By December 23, 2020 Construction Law

Our client, a subcontractor, filed a Miller Act complaint against a surety in the United States District Court for the Eastern District of Virginia to recover compensation for damages incurred on the Basic School Student Officer Quarters project at Marine Corps Base Quantico in Virginia.  The surety moved to dismiss the complaint on the grounds that the subcontractor did not allege in its complaint that the general contractor (and bond principal) breached its subcontract with the subcontractor.  The surety asserted that its liability to the subcontractor under the bond was derivative of the general contractor’s liability to the subcontractor under the subcontract.  Absent any allegations in the complaint that the general contractor was liable to the subcontractor, the surety argued that the subcontractor could not maintain a claim against the surety.

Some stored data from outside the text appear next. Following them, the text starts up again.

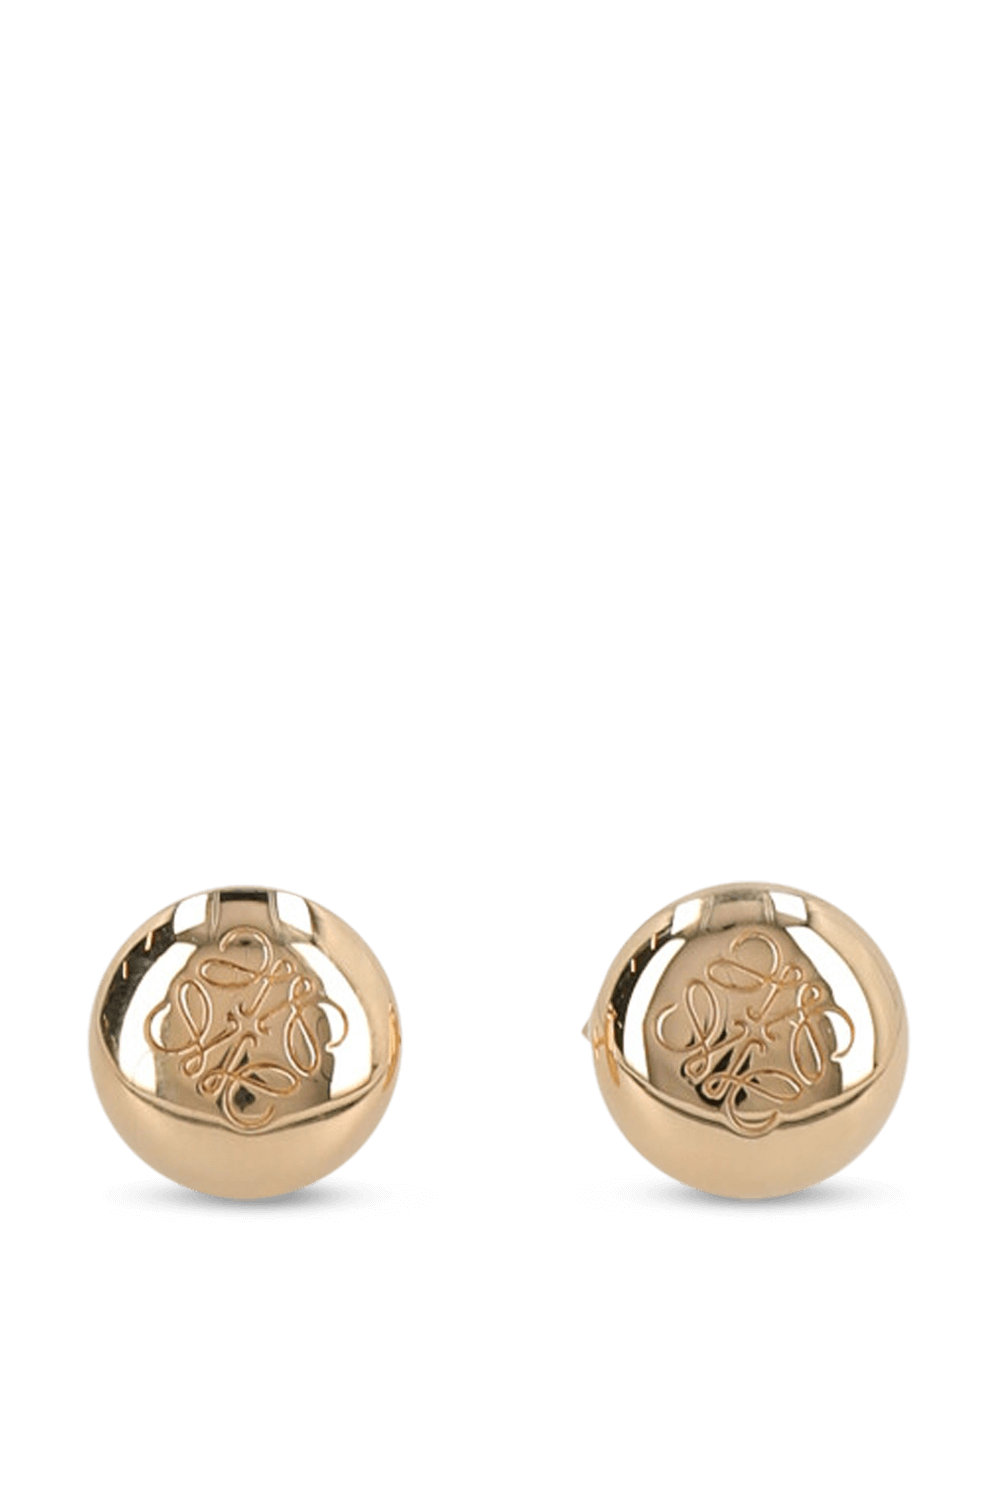 עגילים עם הטבעת לוגו LOEWE
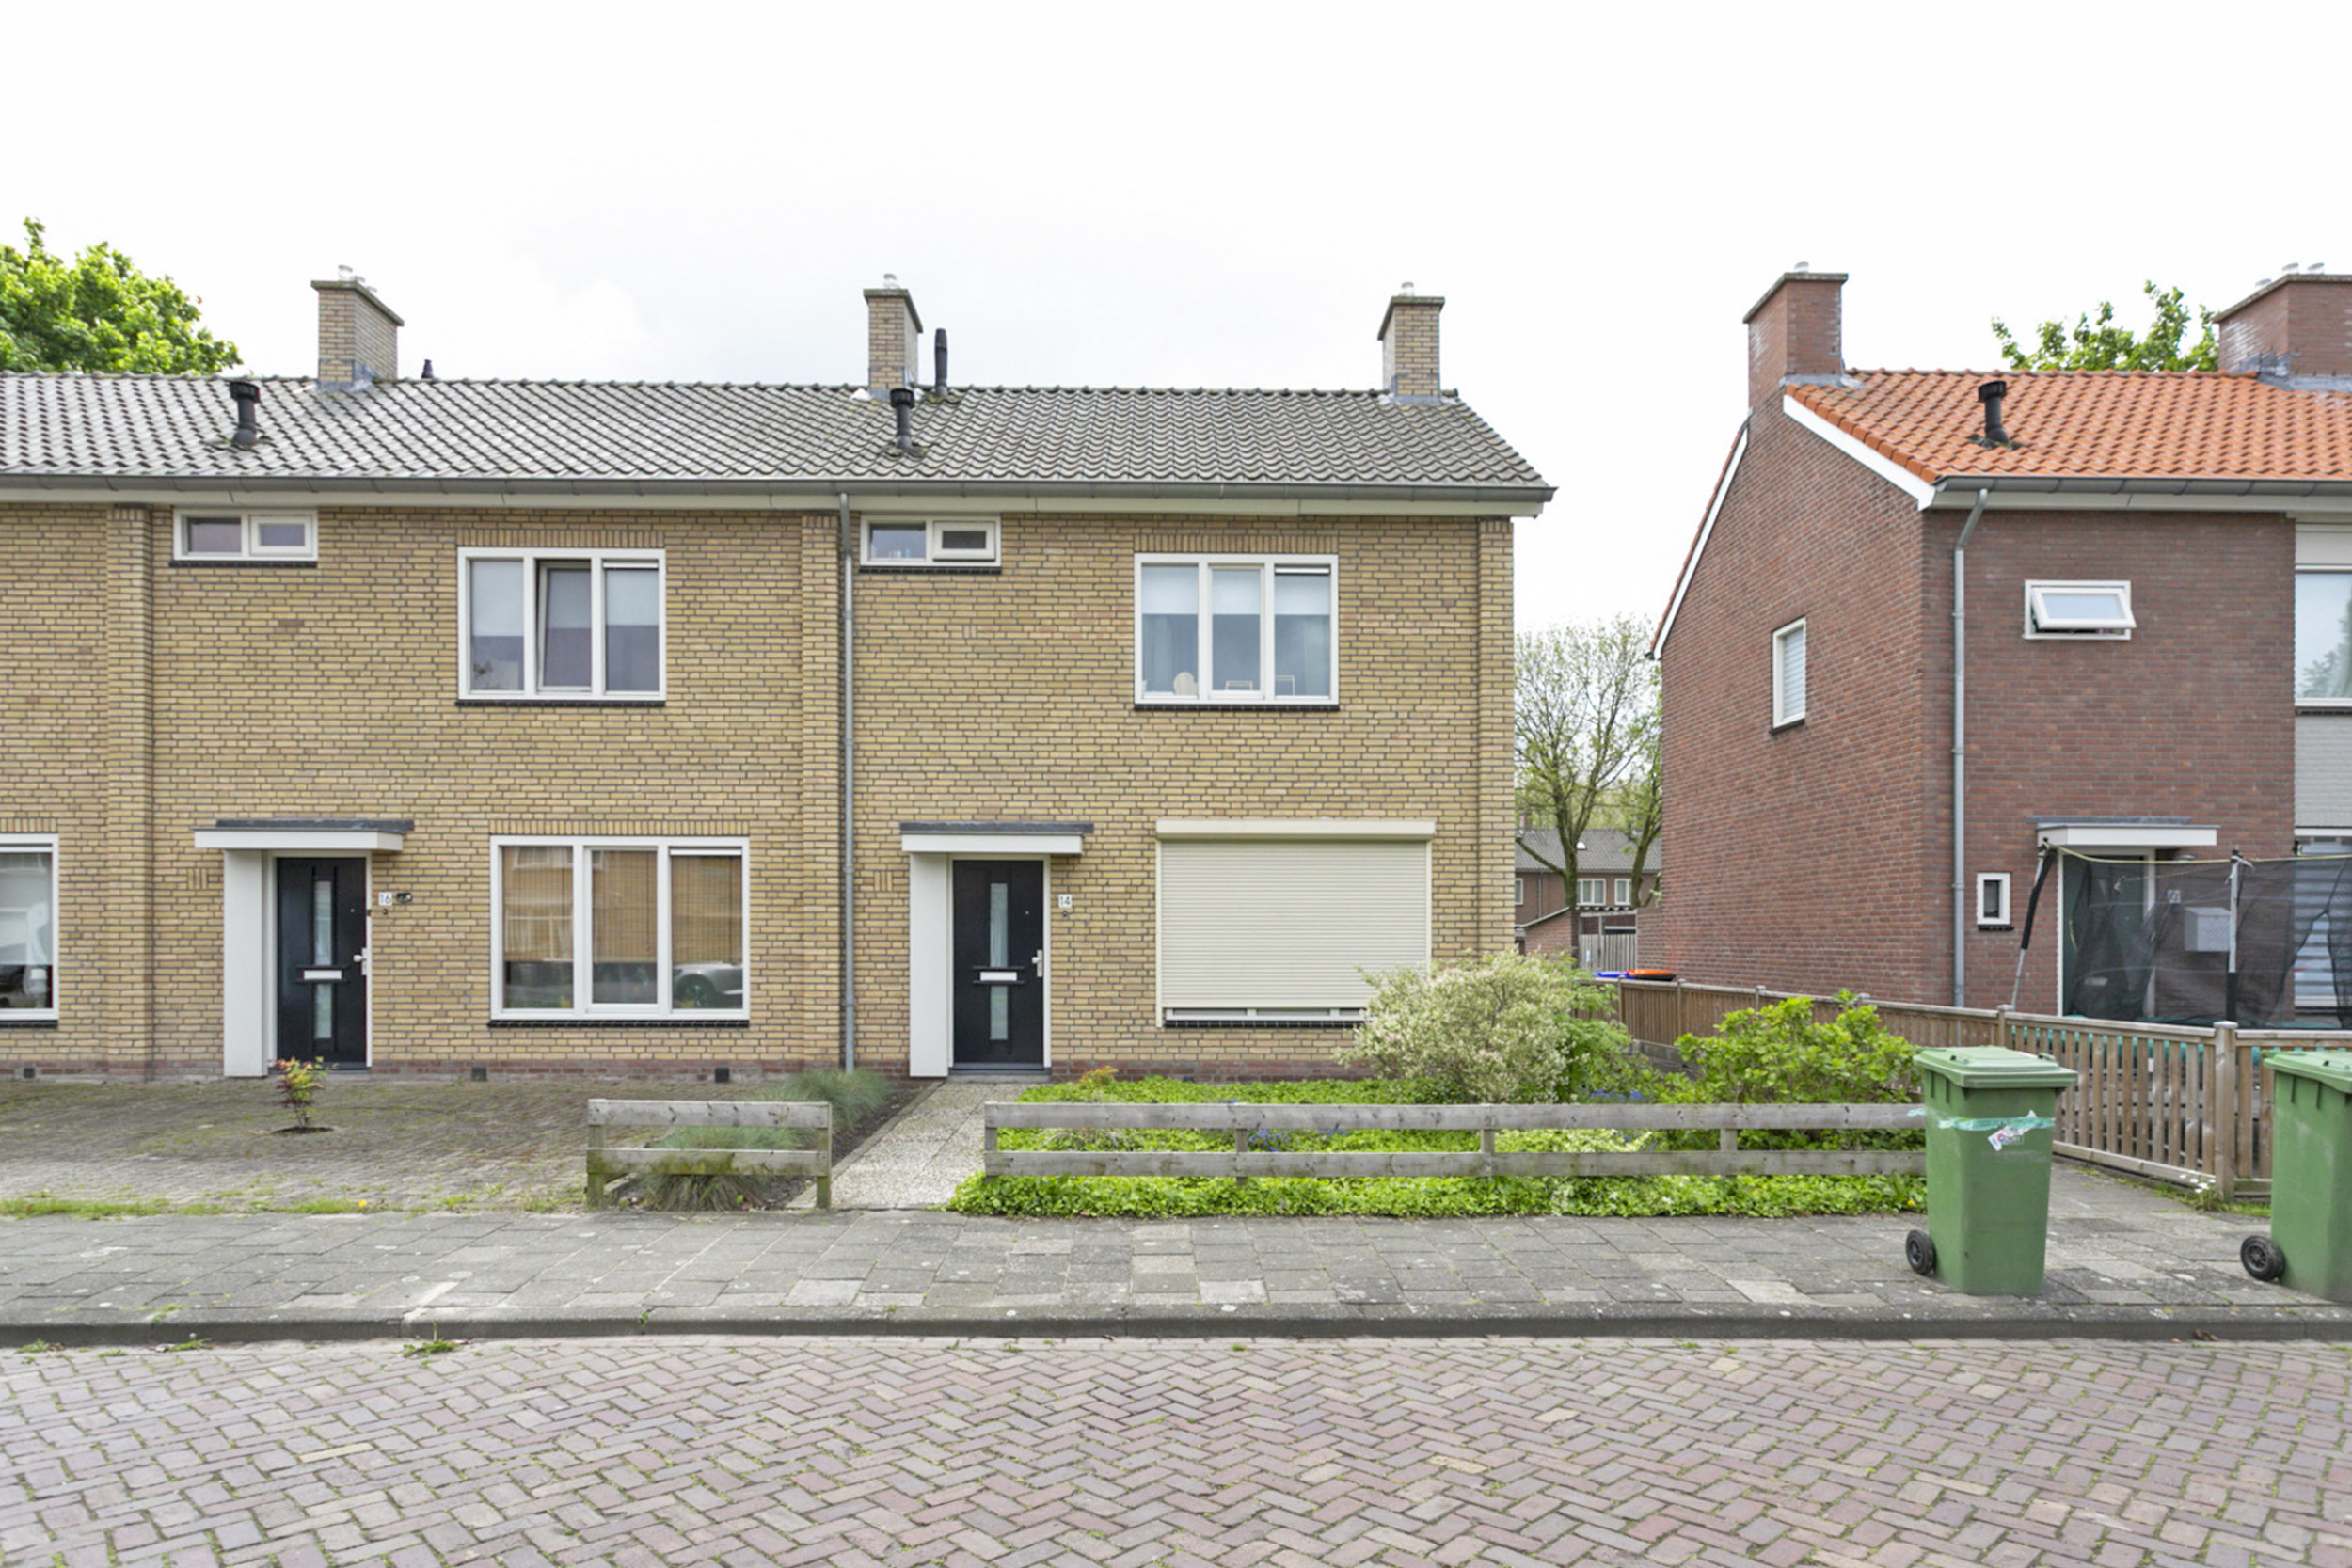 Groenstraat 14, 4941 HB Raamsdonksveer, Nederland
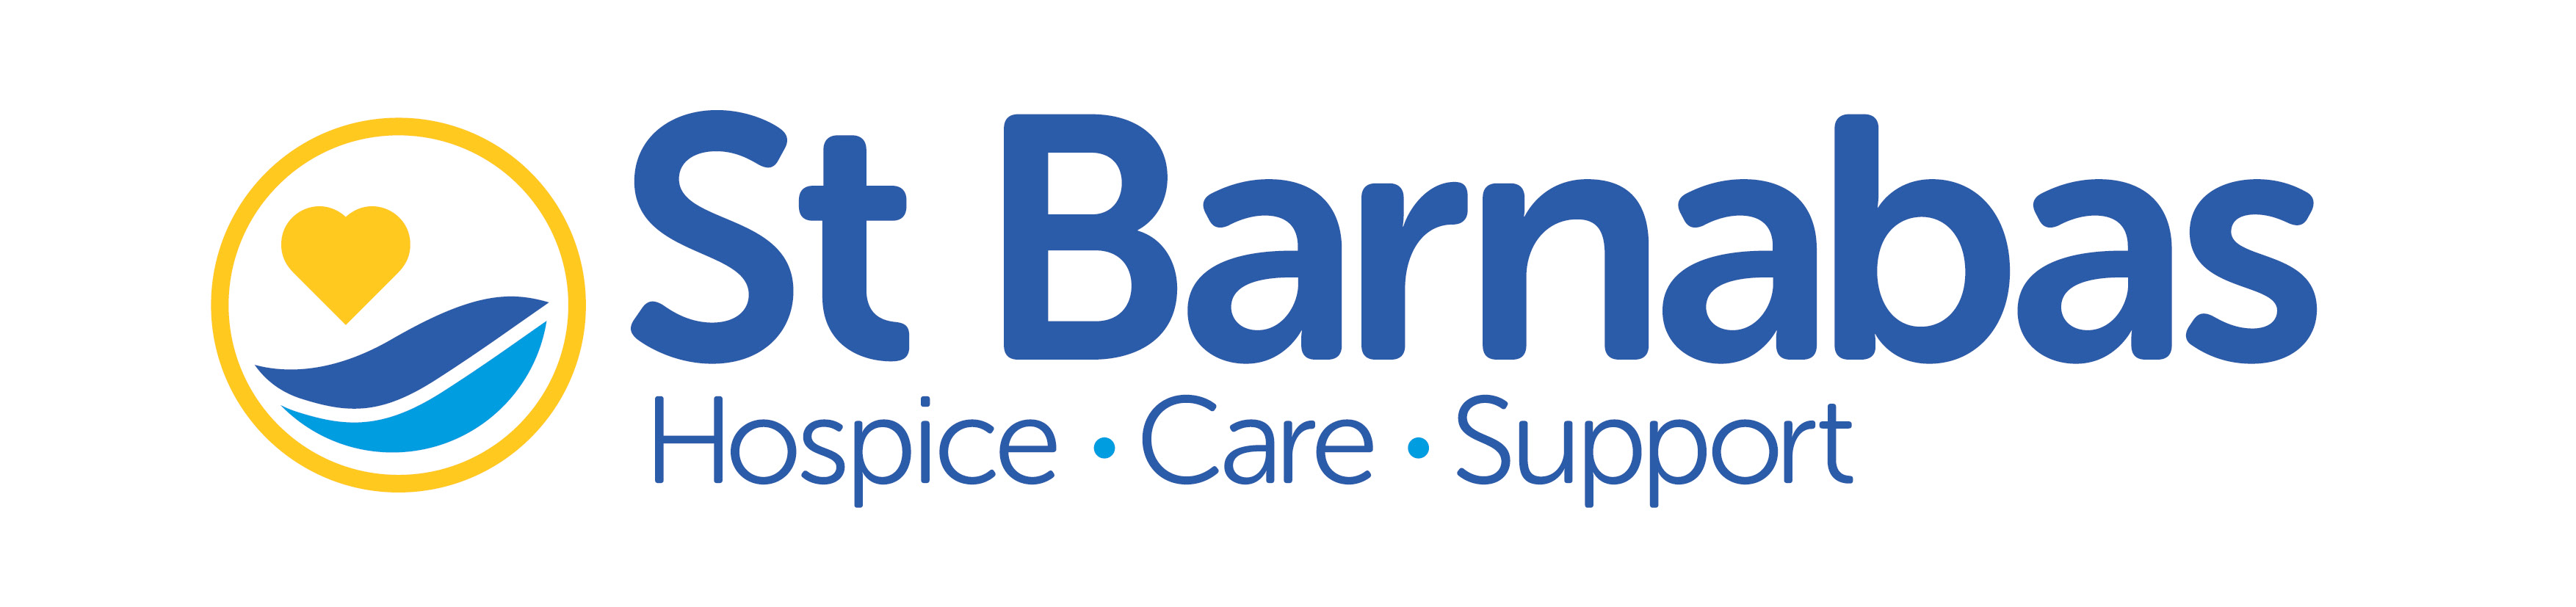 St Barnabas Hospice Company Logo

The subcontractor responded with case law supporting its position that the Miller Act provides subcontractors with an independent cause of action against the surety regardless of the bond principal’s liability to the subcontractor.  As such, the subcontractor was not required to allege in its complaint that the general contractor was liable to it under the subcontract.  Following oral argument on the motion to dismiss, the District Court took the matter under advisement.

In the interim, the subcontractor sought and was granted leave to file an amended complaint.  In the amended complaint, it alleged that the general contractor was liable to it under the subcontract and, in addition to its Miller Act claim against the surety, asserted claims against the general contractor.  Although the surety moved to dismiss the original complaint, it opted to answer the amended complaint.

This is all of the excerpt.